У Роба с его первой женой Сьюзан Тодд Лорент в 1938 году родился сын, которого называли Роберт Тодд Уильямс, больше известный под именем Тодд. Но в 1941 году Роб и Сьюзан развелись, и Сьюзан увезла Тодда с собой в Кентукки. Роб работал управляющим на Ford, когда Соединенные Штаты вступили во Вторую мировую войну. Он тут же записался в военно-морской флот и стал капитан-лейтенантом на авианосце «Ticonderoga» в Тихом океане. 21 января 1945 года, пока судно находилось в море у Филиппинских островов, «Ticonderoga» подвергся атаке японских камикадзе, один из которых прорвался через летную палубу авианосца и сумел взорвать бомбу в ангаре, уничтожив несколько находящихся там самолетов. Во время атаки погибли и были ранены более сотни моряков, Роб тоже был ранен во время попытки спасти своего капитана от взрыва, осколки порезали ему спину, ноги и руки.

Из-за ранений Роб не мог продолжать участвовать в военных действиях, поэтому ему пришлось приступить к офисной работе в Вашингтоне. Вскоре он вернулся обратно в Ford, занял там должность менеджера и в конечном итоге дорос до чикагского подразделения национальных продаж в Lincoln Mercury. В 1949 году во время двойного свидания вслепую в шикарном ресторане Роб познакомился с молодой энергичной разведенной Лори МакЛорин Жанин. Лори пришла с секретаршей Роба, а Роб привел мужчину, предполагалось, что в качестве пары для Лори. Но очень скоро стало понятно, что Роб и Лори понравились друг другу. Роб сказал секретарше взять в ресторане замороженную утку и идти домой, а Лори аналогичным образом попрощалась со своим предполагаемым женихом. «Я рассчиталась, а теперь давай повеселимся», – сказала она.

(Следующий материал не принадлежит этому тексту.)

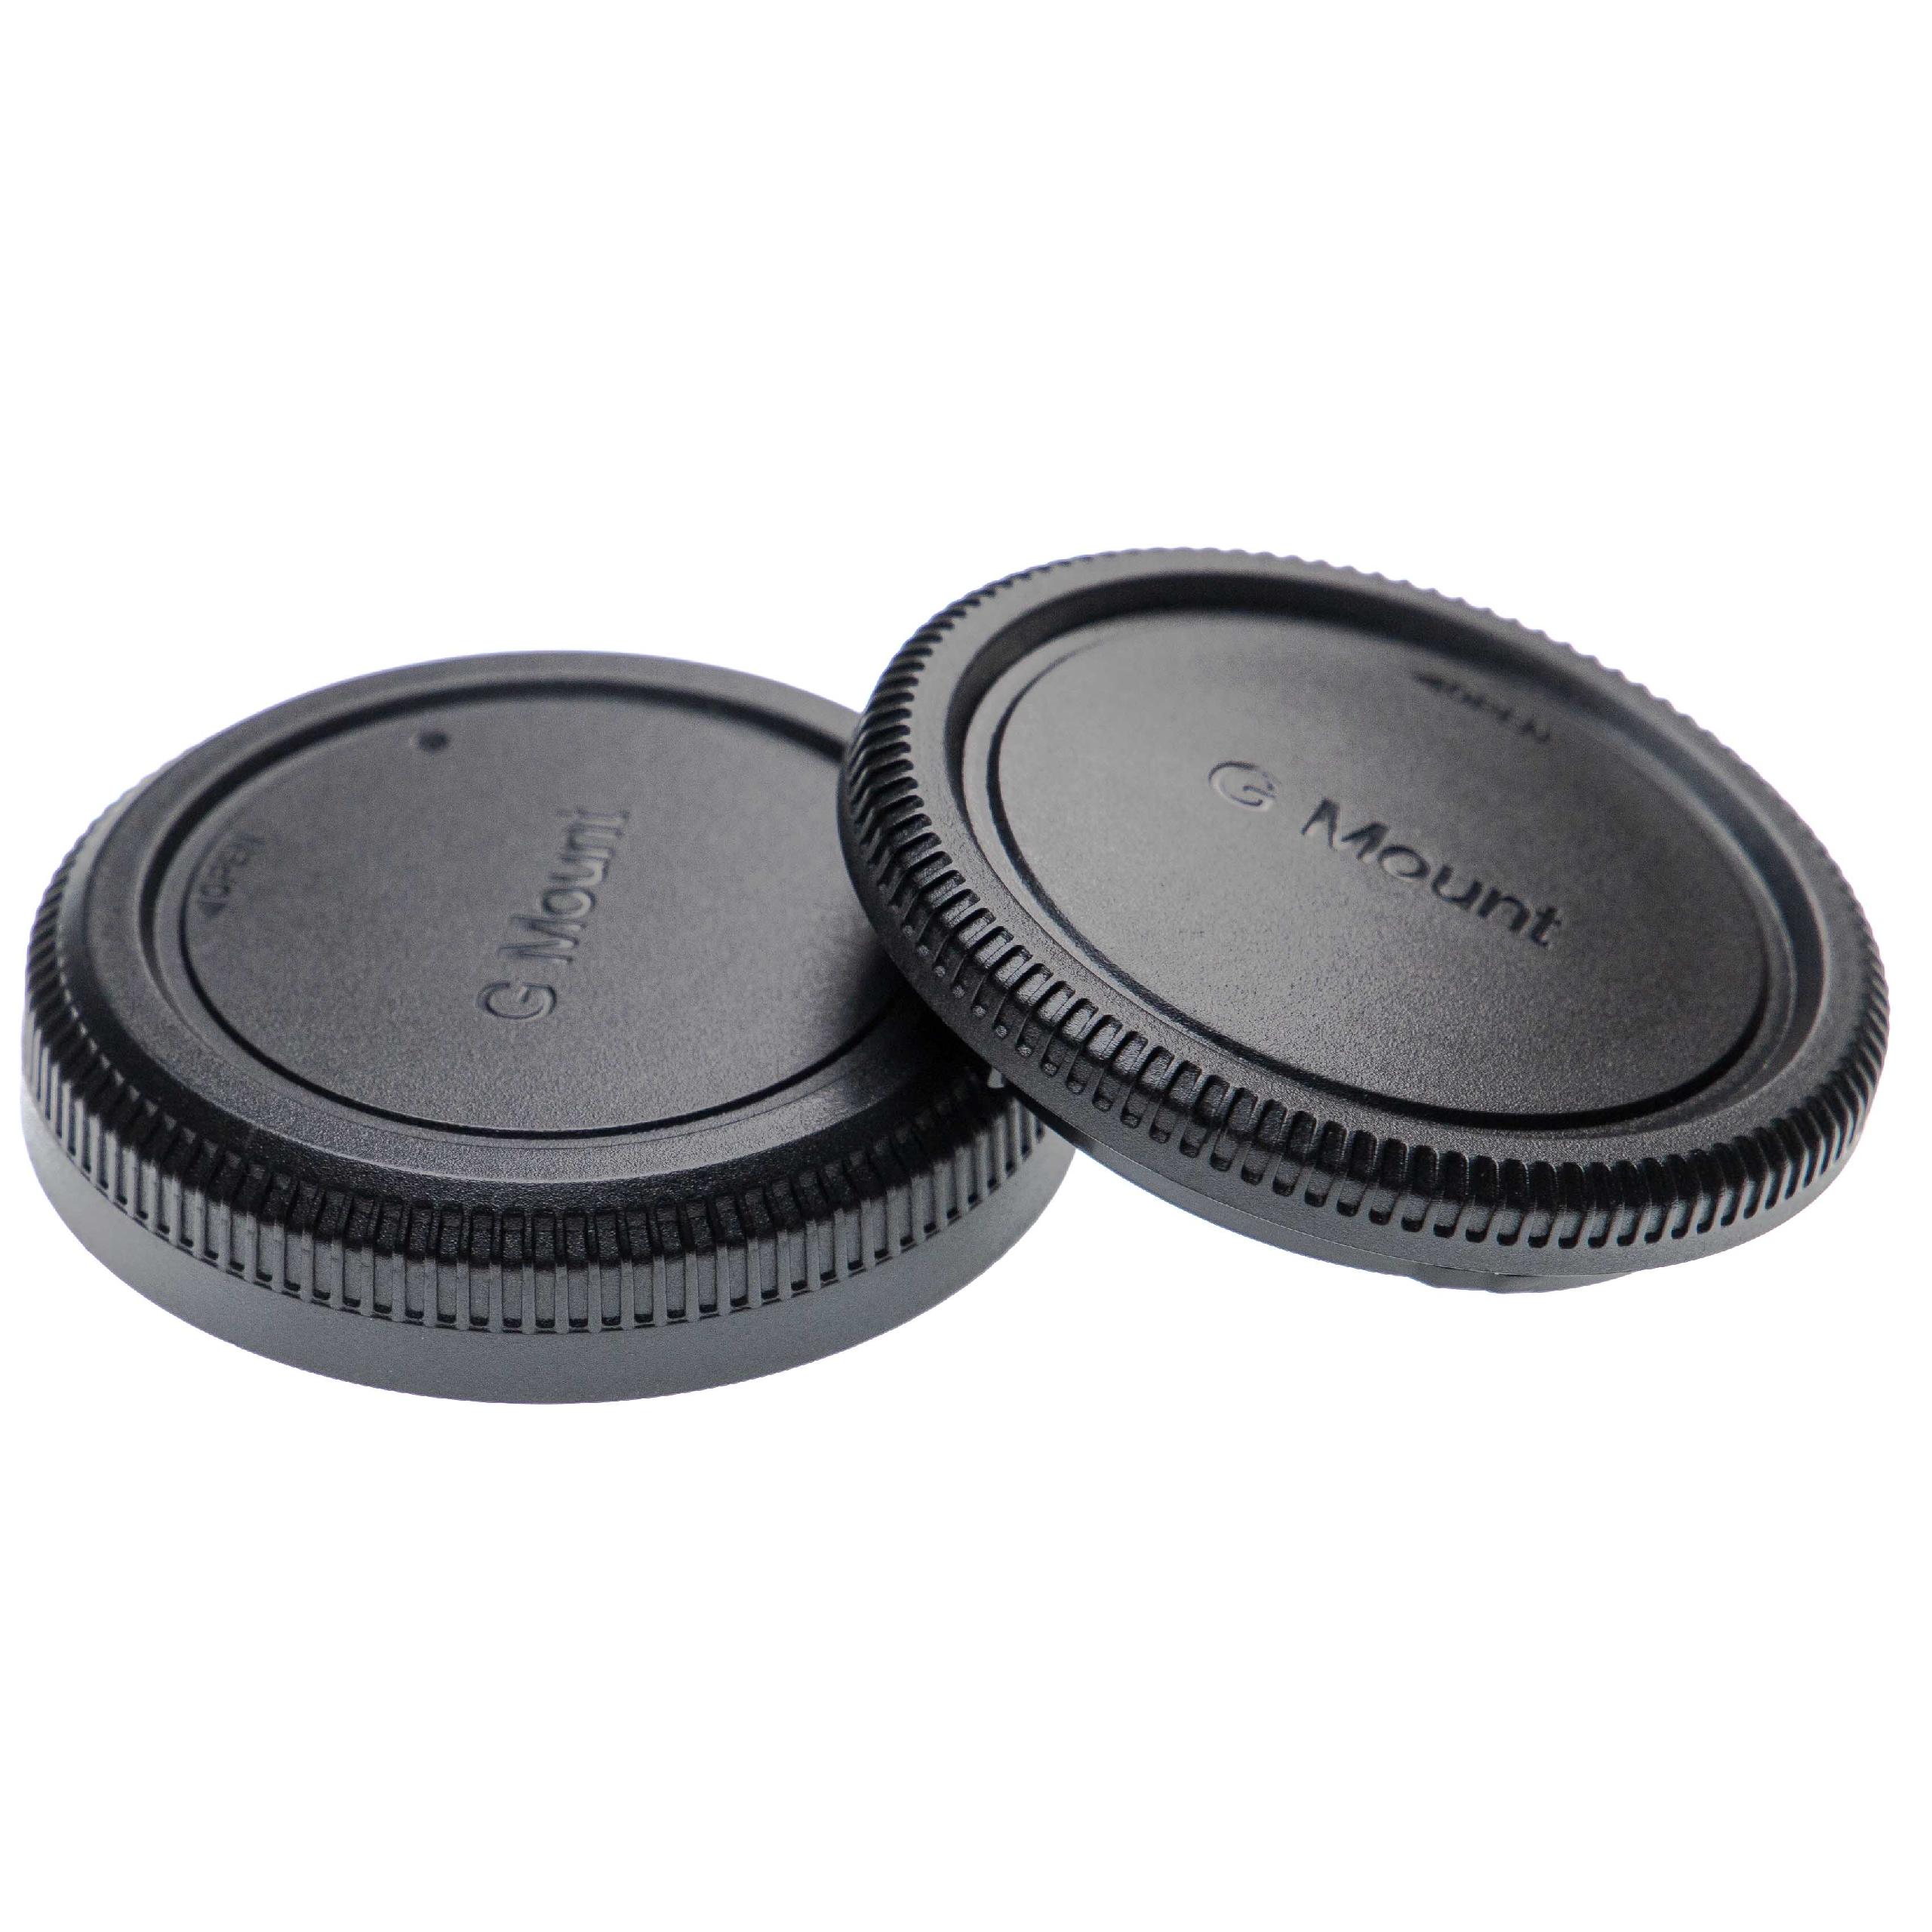 Rear Lens & Housing Protector suitable for Fujifilm GFX Camera
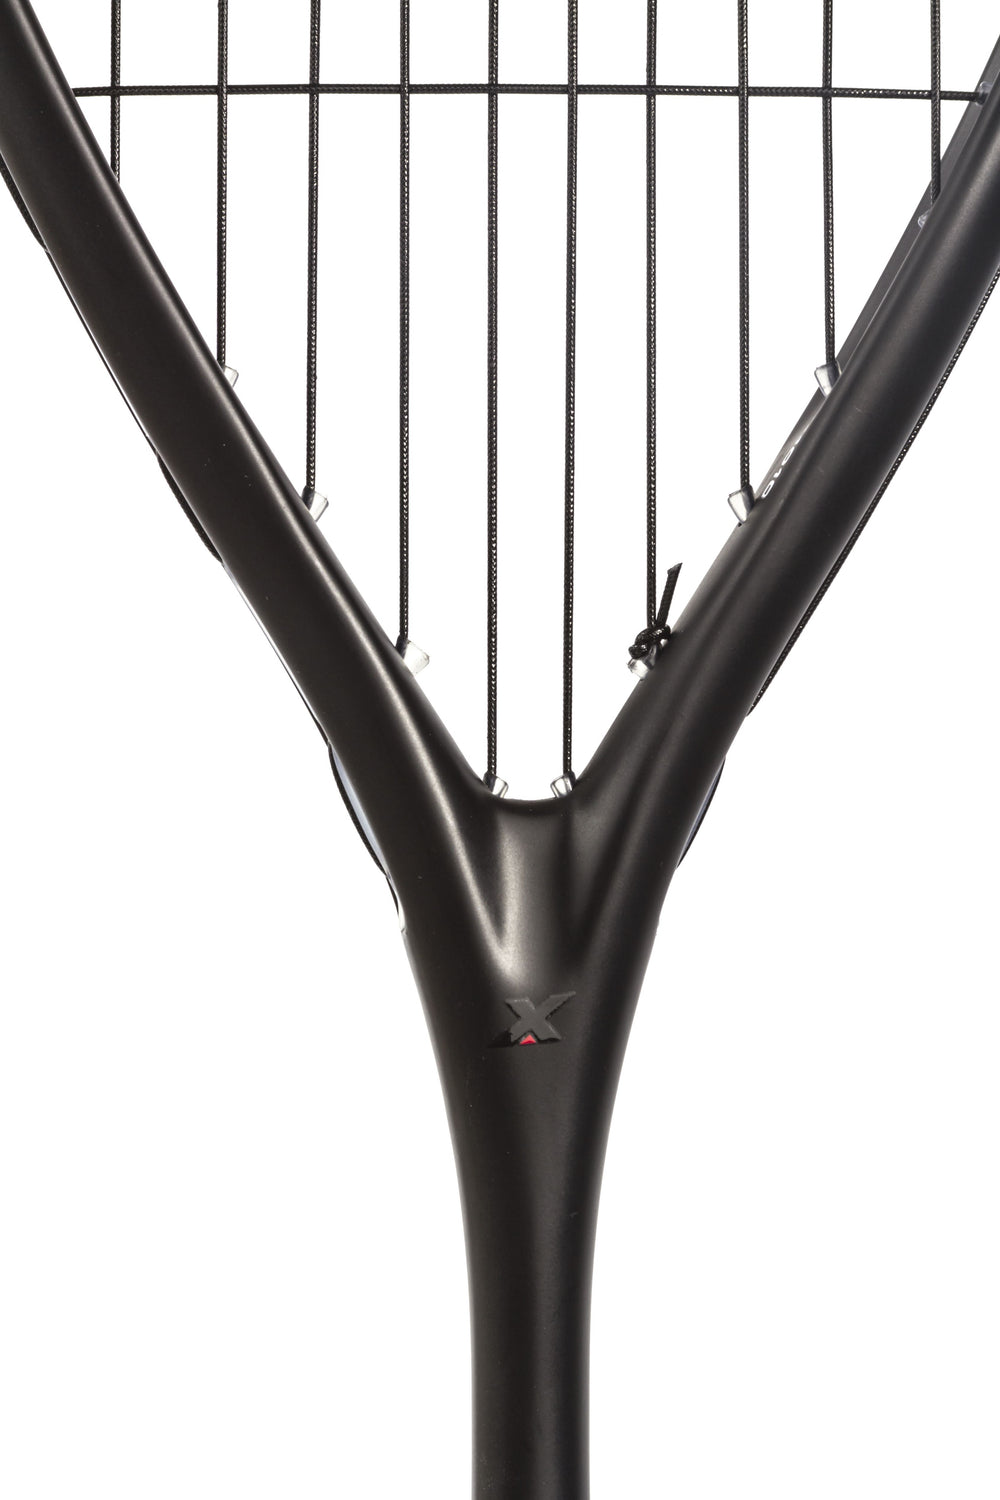 Xamsa PXT Incognito 2017 Squash Racquet Squash Racquets Xamsa

Роб привлекал Лори физически, ее влекла его уверенность, очаровывали напор и сдержанная харизма. Она описывала его так: «Роб мог войти в комнату, и люди сразу же обращали на него внимание. Он мог прийти в любой самый лучший ресторан, метрдотель спрашивал: “Сэр, у вас забронировано?“, а он очень вежливо отвечал: “Нет“. Но ему всегда находили столик».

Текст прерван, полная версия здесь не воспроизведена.